▸ PROBLEM TO SOLVE
A faithful copy of the data below is required, leaving out every picture.

*** Opening of MATERIAL PROVIDED ***

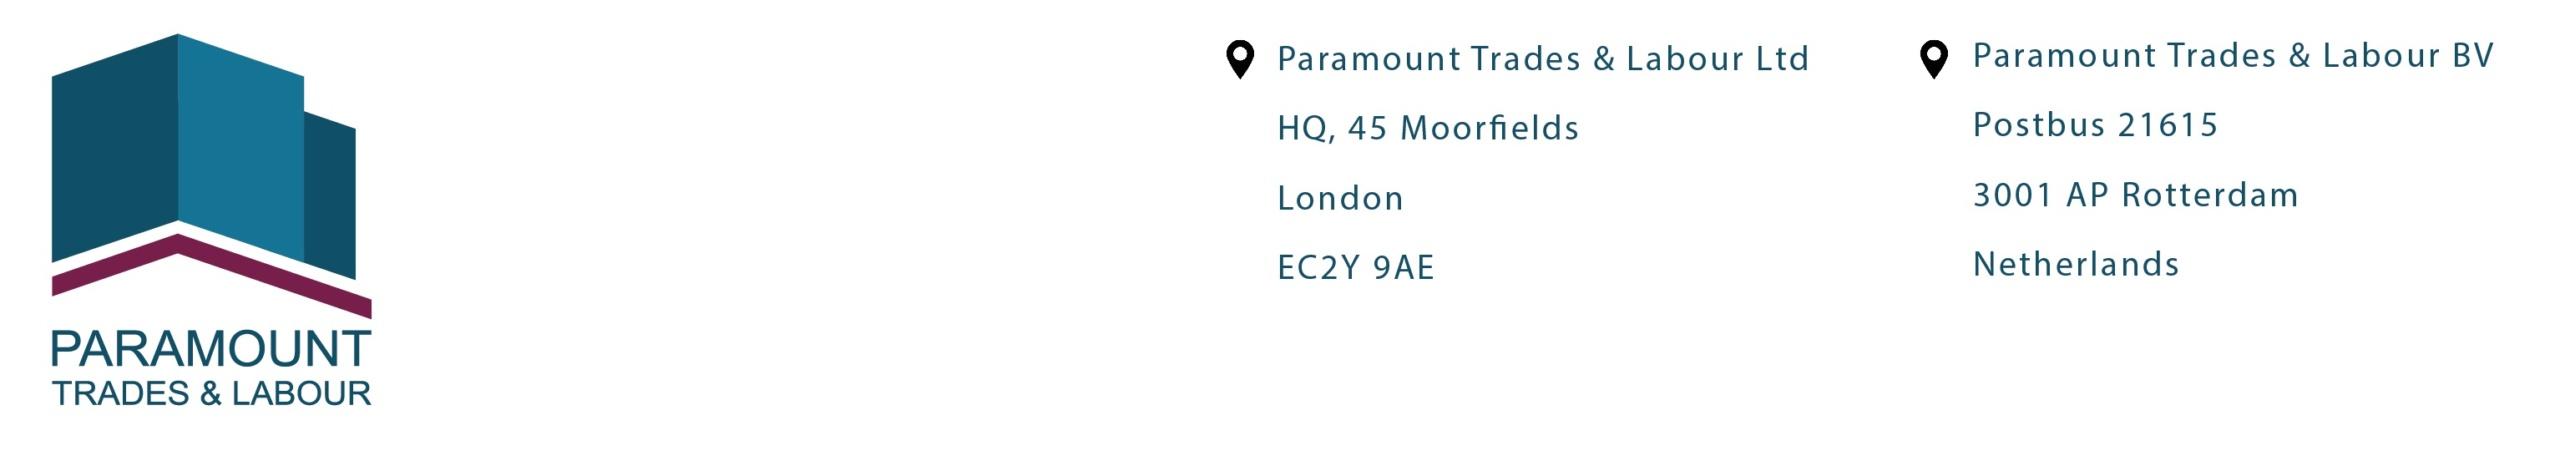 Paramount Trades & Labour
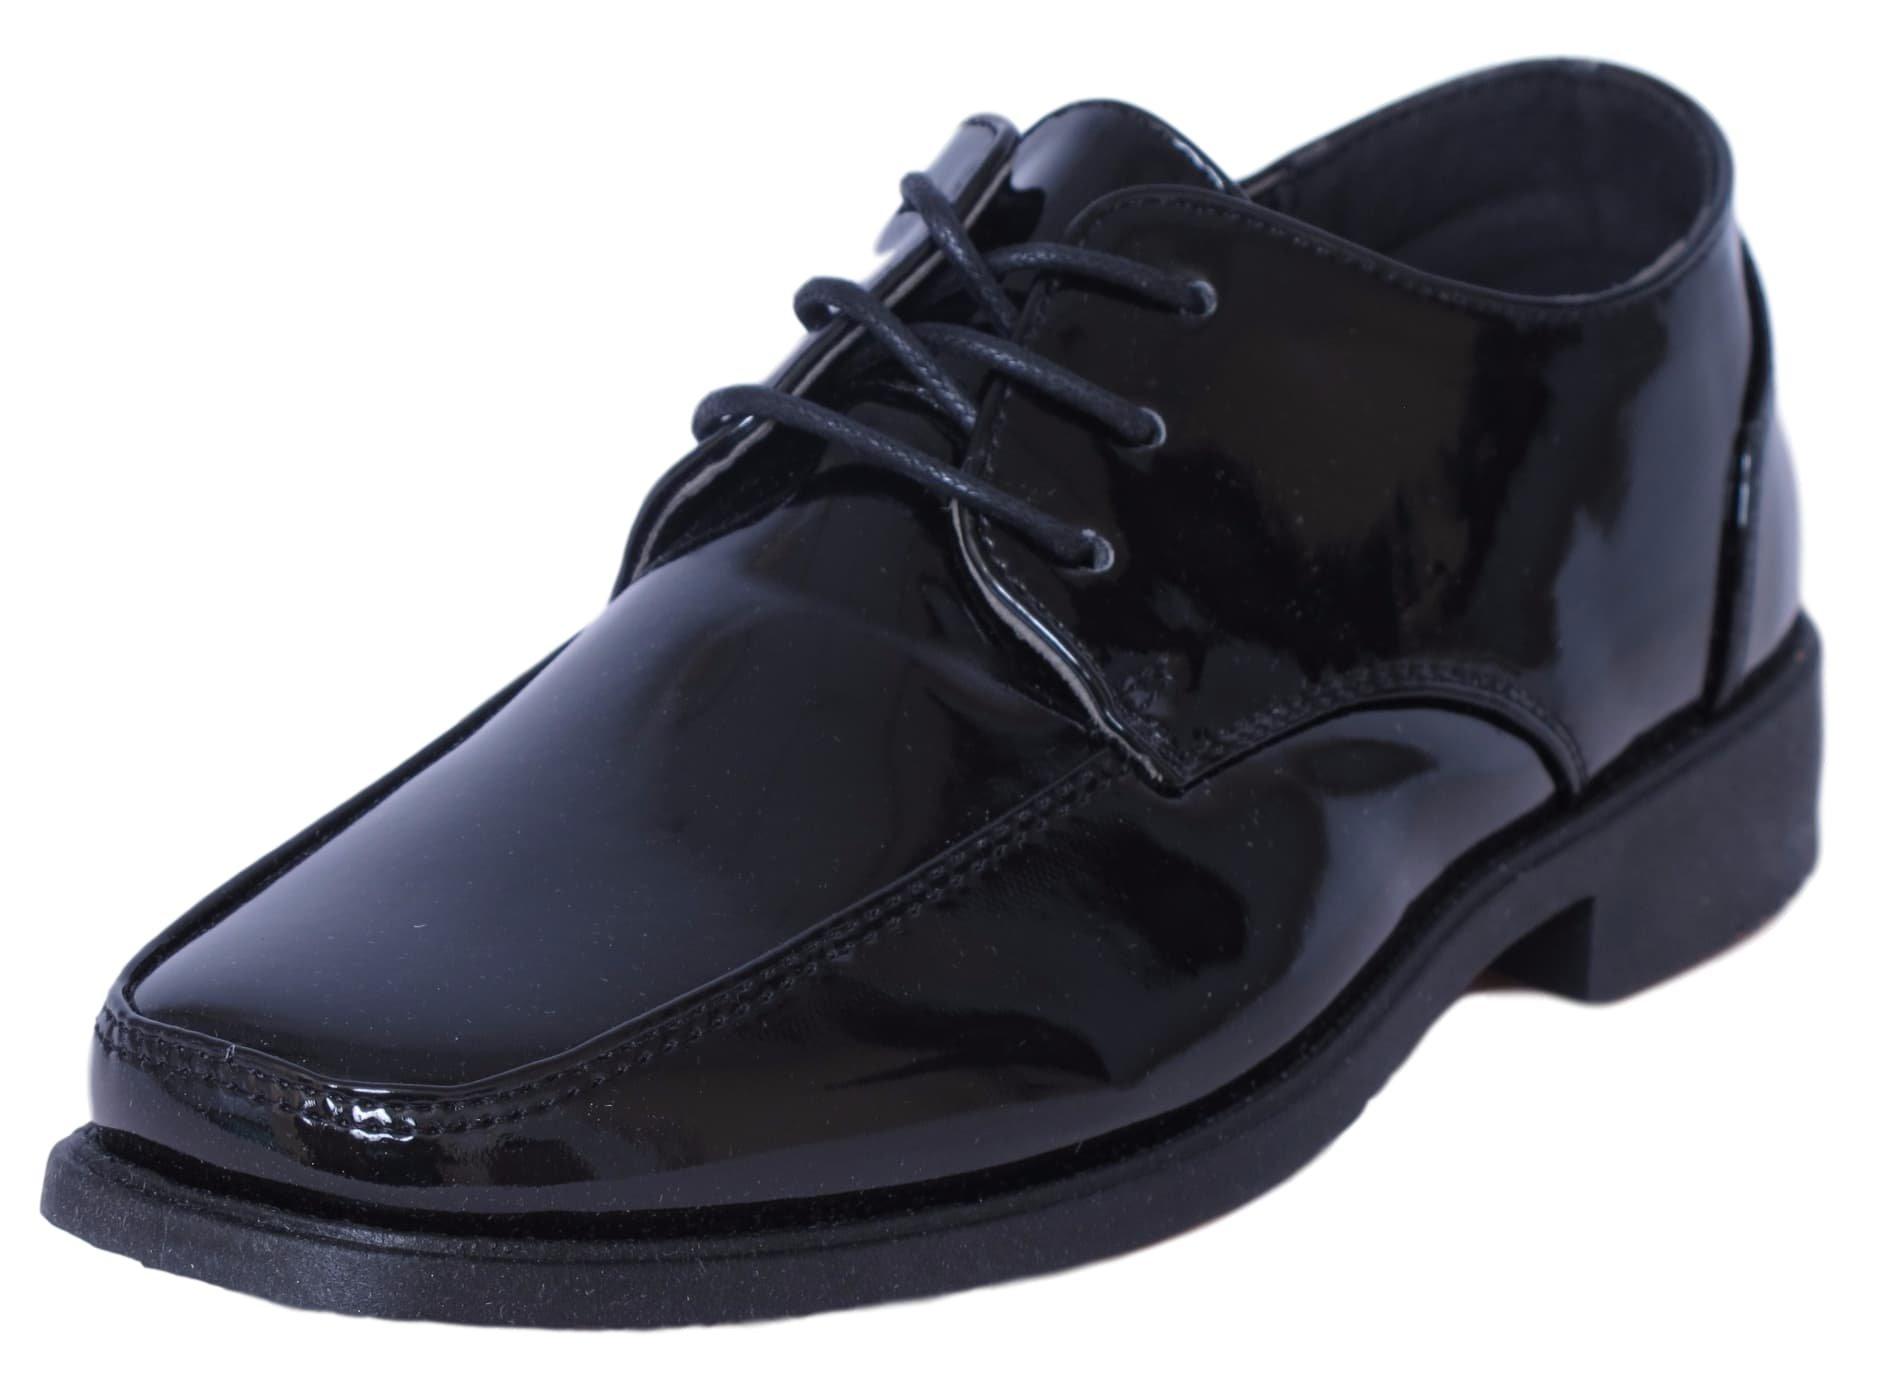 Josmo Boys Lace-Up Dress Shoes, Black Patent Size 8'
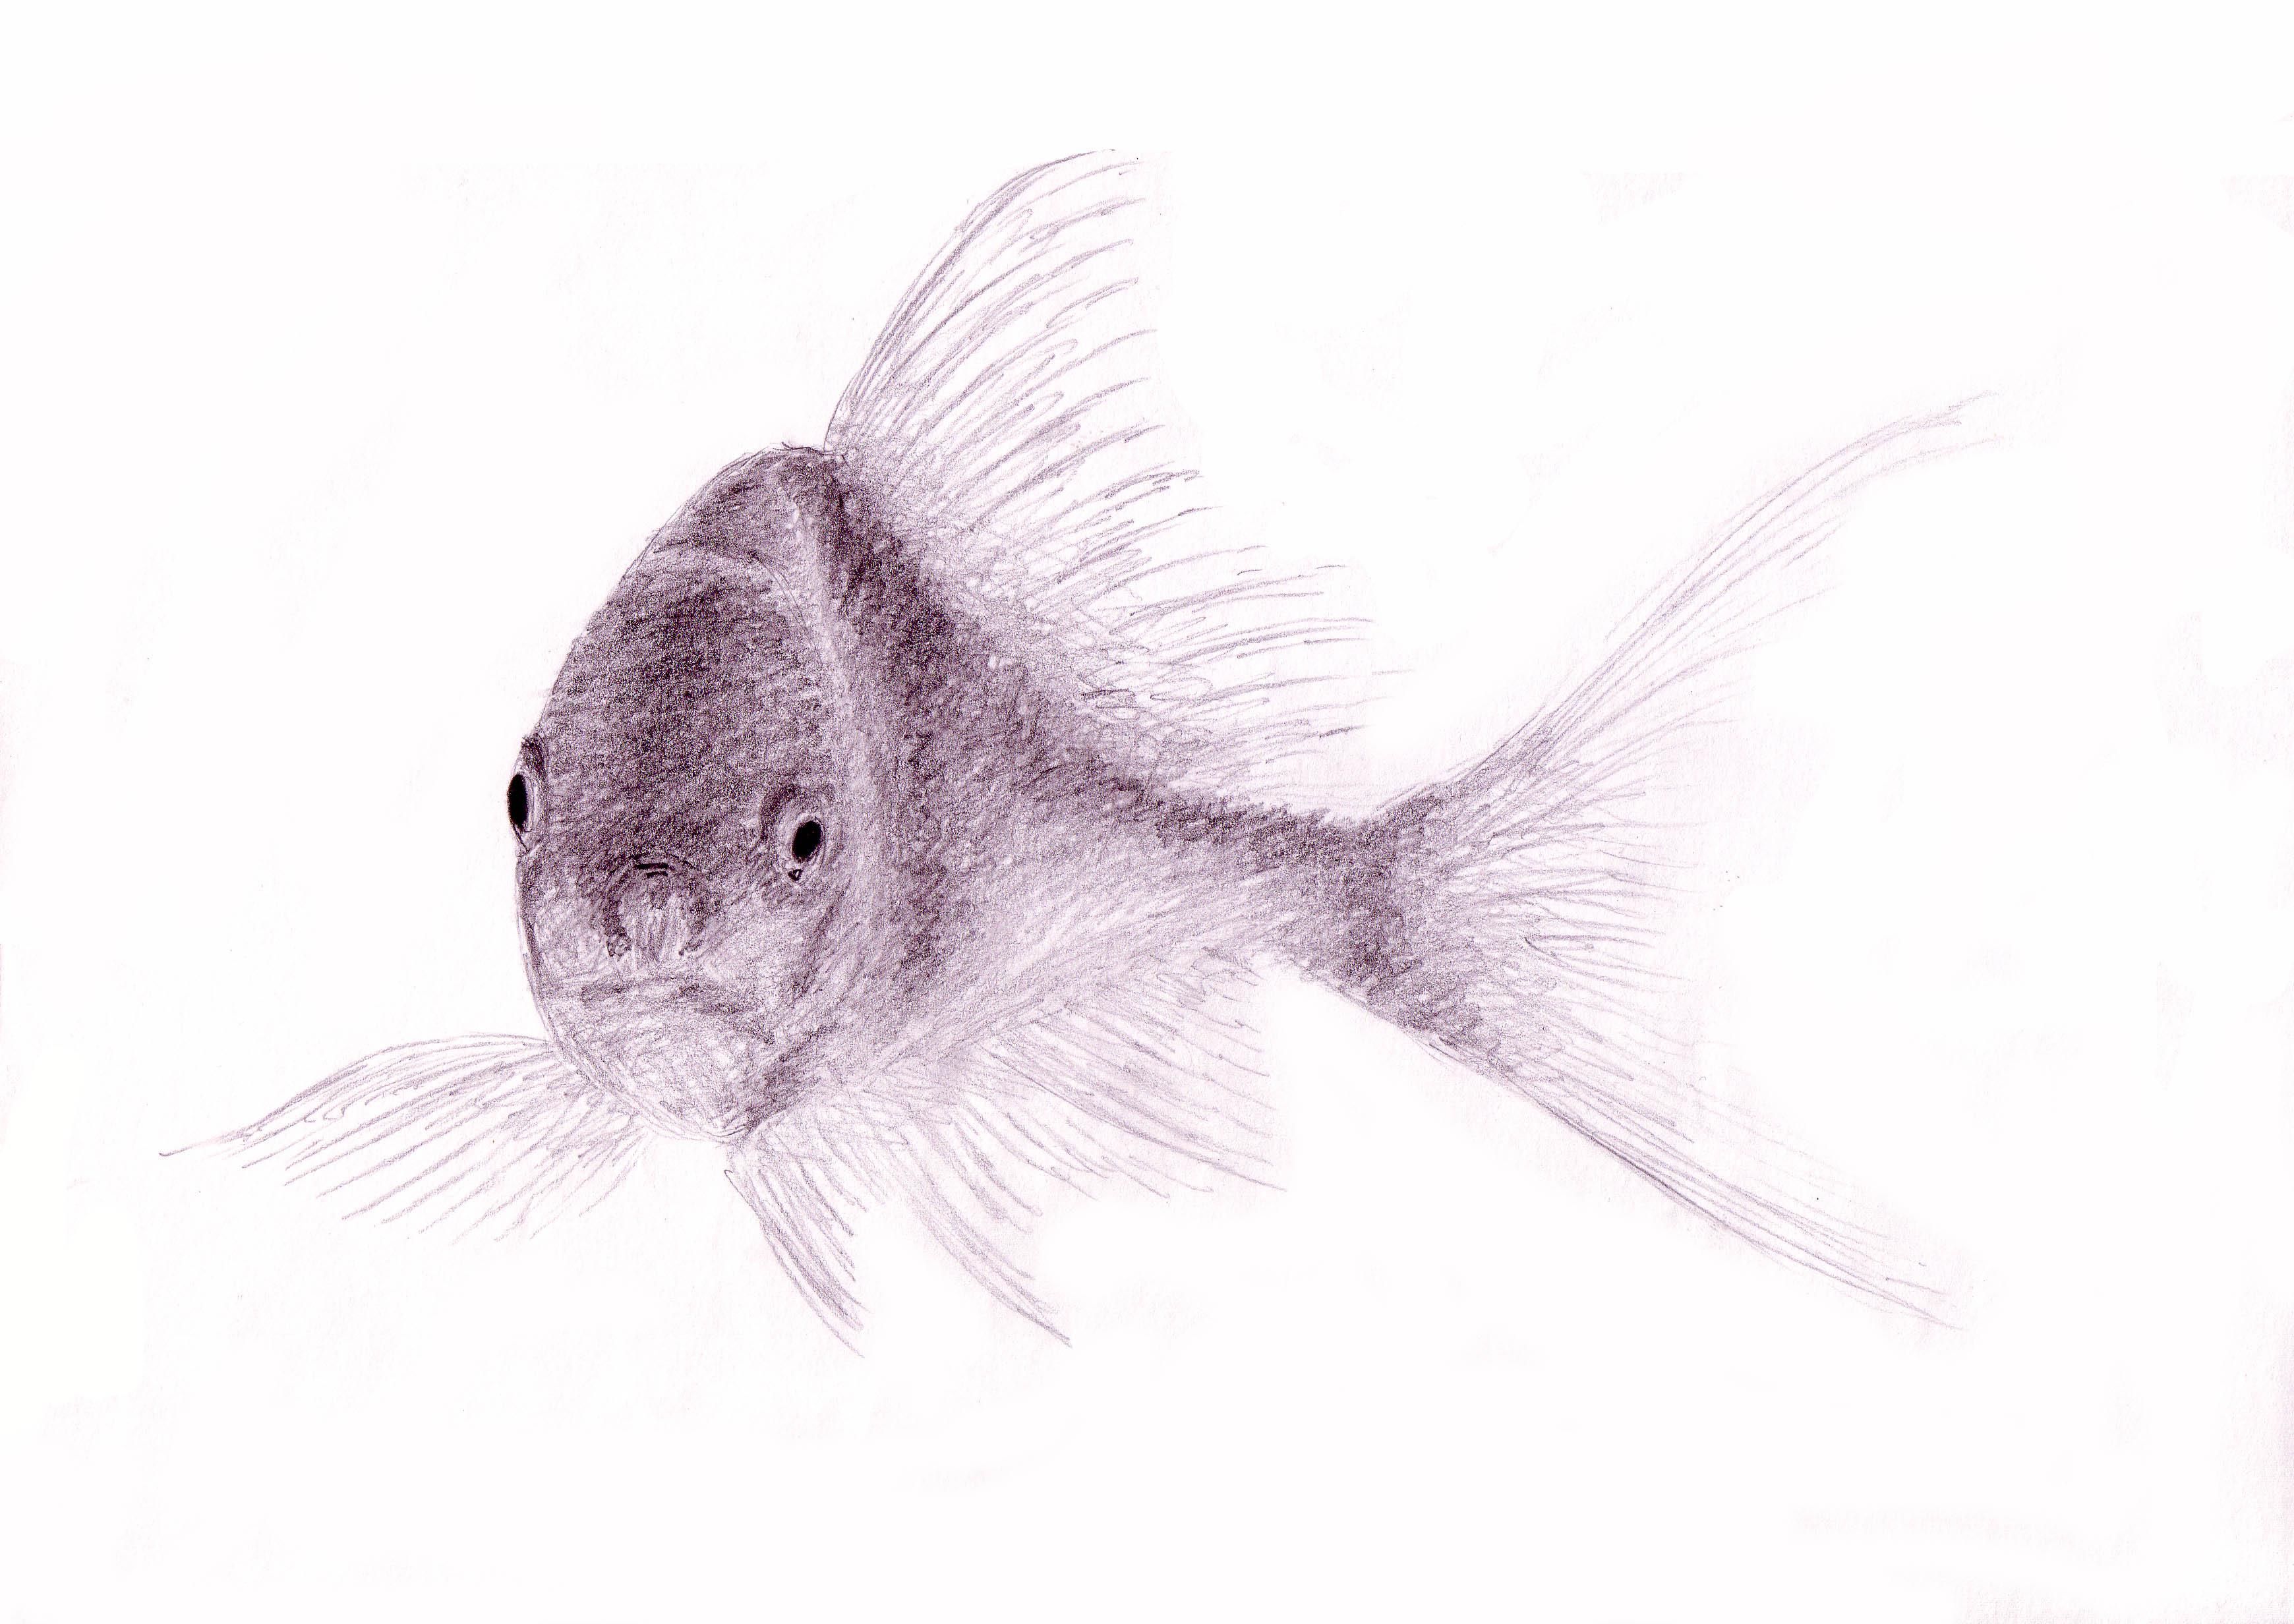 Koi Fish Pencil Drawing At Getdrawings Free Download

*** Close of MATERIAL PROVIDED ***

▸ COMPLETED TASK
 Paramount Trades & Labour
 Josmo Boys Lace-Up Dress Shoes, Black Patent Size 8'
 Koi Fish Pencil Drawing At Getdrawings Free Download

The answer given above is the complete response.